Whistler's contribution was to come from the $900,000 contingency fund in the $4.6 million budget to pave lots 1, 2 and 3. That would leave almost $300,000 in the fund for any unforeseen costs.

"It's distinctly reducing our contingency but I'm not looking for any additional funds to complete the project at this time," project manager James Hallisey told council.

That wasn't the point, according to some councillors. Money from that fund, if leftover, was to flow back into the municipality's general fund.

"I'm not in favour of supporting this either," said Councillor Ralph Forsyth.

"This is directly on the back of the resident taxpayers. It is money that we could save."

Acting Mayor Grant Lamont echoed that sentiment.

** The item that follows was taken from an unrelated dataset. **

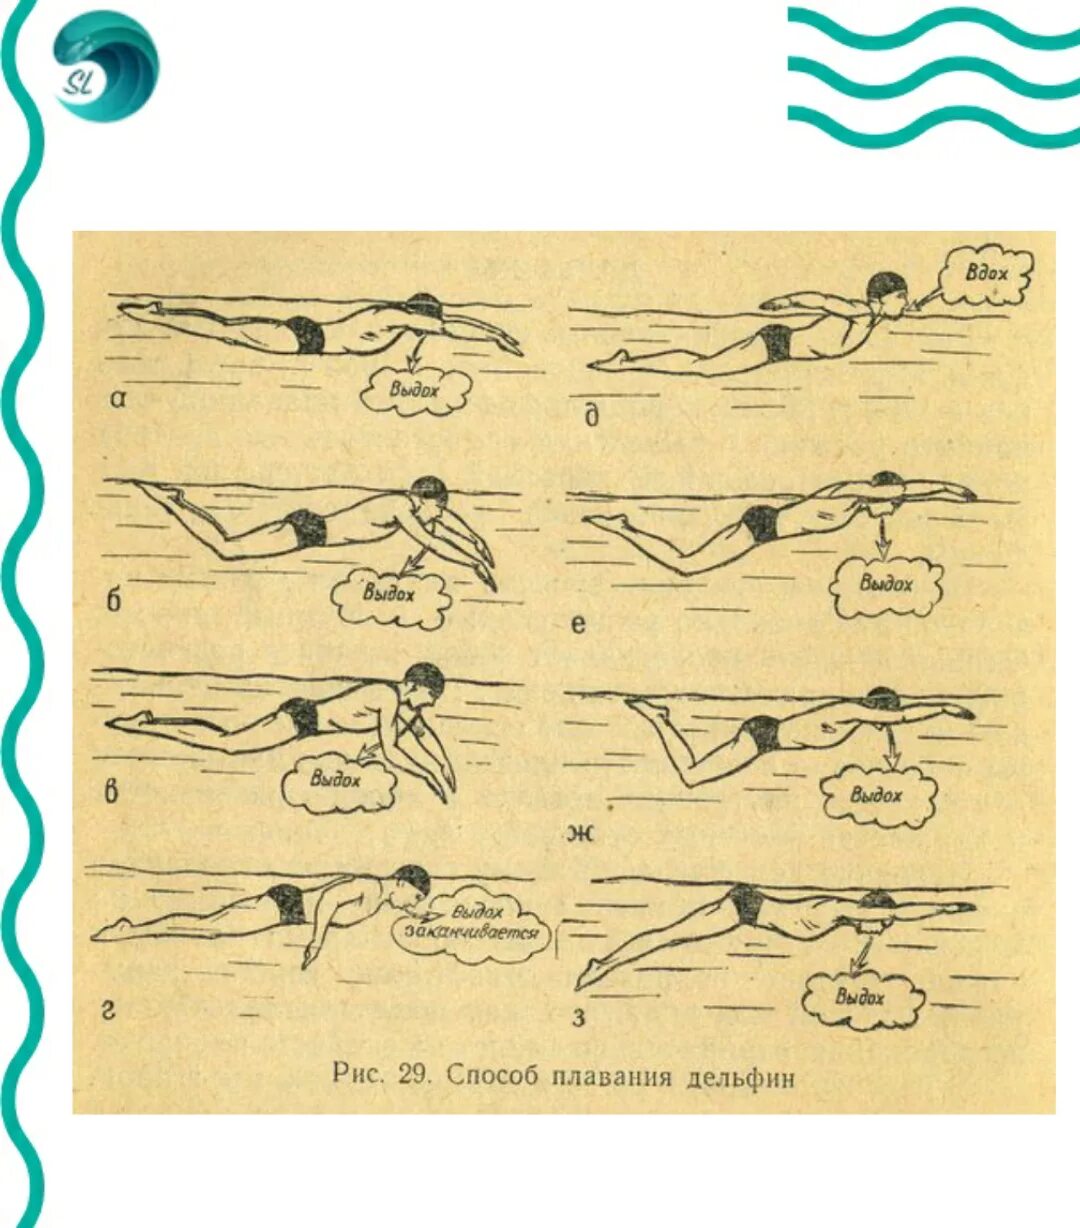 Техники плавания Баттерфляй. Стиль плавания Баттерфляй техника. Техника плавания: стиль Баттерфляй (Дельфин). Техники плавания брасс Кроль Баттерфляй. Как научиться плавать под

Three of the five council members at the meeting were not in favour of the deal as first presented Tuesday (Mayor Ken Melamed and Councillor Ted Milner were not in attendance).

Councillor Tom Thomson, however, argued in favour of paving Parking Lot 4. We like to use the term "premier resort community" he said.

"We rely on rubber tire traffic to get here... and we treat them like dogs," said Thomson, referring to the potholes in the day lots. "I saw this as a chance to get a reasonably good deal..."

Paving the lot would also cut down on the dust generated by the gravel surface, he said.

Councillor Chris Quinlan urged staff to calculate the possible long-term savings of paving the lot. According to Hallisey, maintaining a paved lot is cheaper than maintaining a gravel lot.

"Do you think you could build a case for that?" asked Quinlan of Hallisey. "That's information that I would like to see."

If paved, Lot 4 is not on the radar to become pay parking as are Lots 1, 2 and 3.

Pay parking will be implemented on those lots in summer 2010, and is expected to generate more than $2 million revenue annually. Part of that take-in will cover the costs of maintaining the lots. Roughly half of the take-in will go back into reserves to re-pay the capital costs over time.

Lot 4 will not generate that revenue.

And while he supports the concept of pay parking in general, Zeidler later said he had no comfort that Lot 4 would remain free parking in the years to come.

It still rankles that the previous council, of which Zeidler was a member, was never part of the decision-making process to implement pay parking, one of the most controversial decisions in the last term, judging by the public ire.

"I never got asked about it... and that was always a thorn in my side," he said at the meeting.

With a suggestion from staff, council voted to defer its decision on the Lot 4 deal until the long-term cost analysis was complete.

After voting to defer the decision, Zeidler put forward a strongly worded motion saying that any future administrative reports to council must include the analysis of the lifetime costs of the capital project.

If it doesn't, he said: "I will simply leave the room."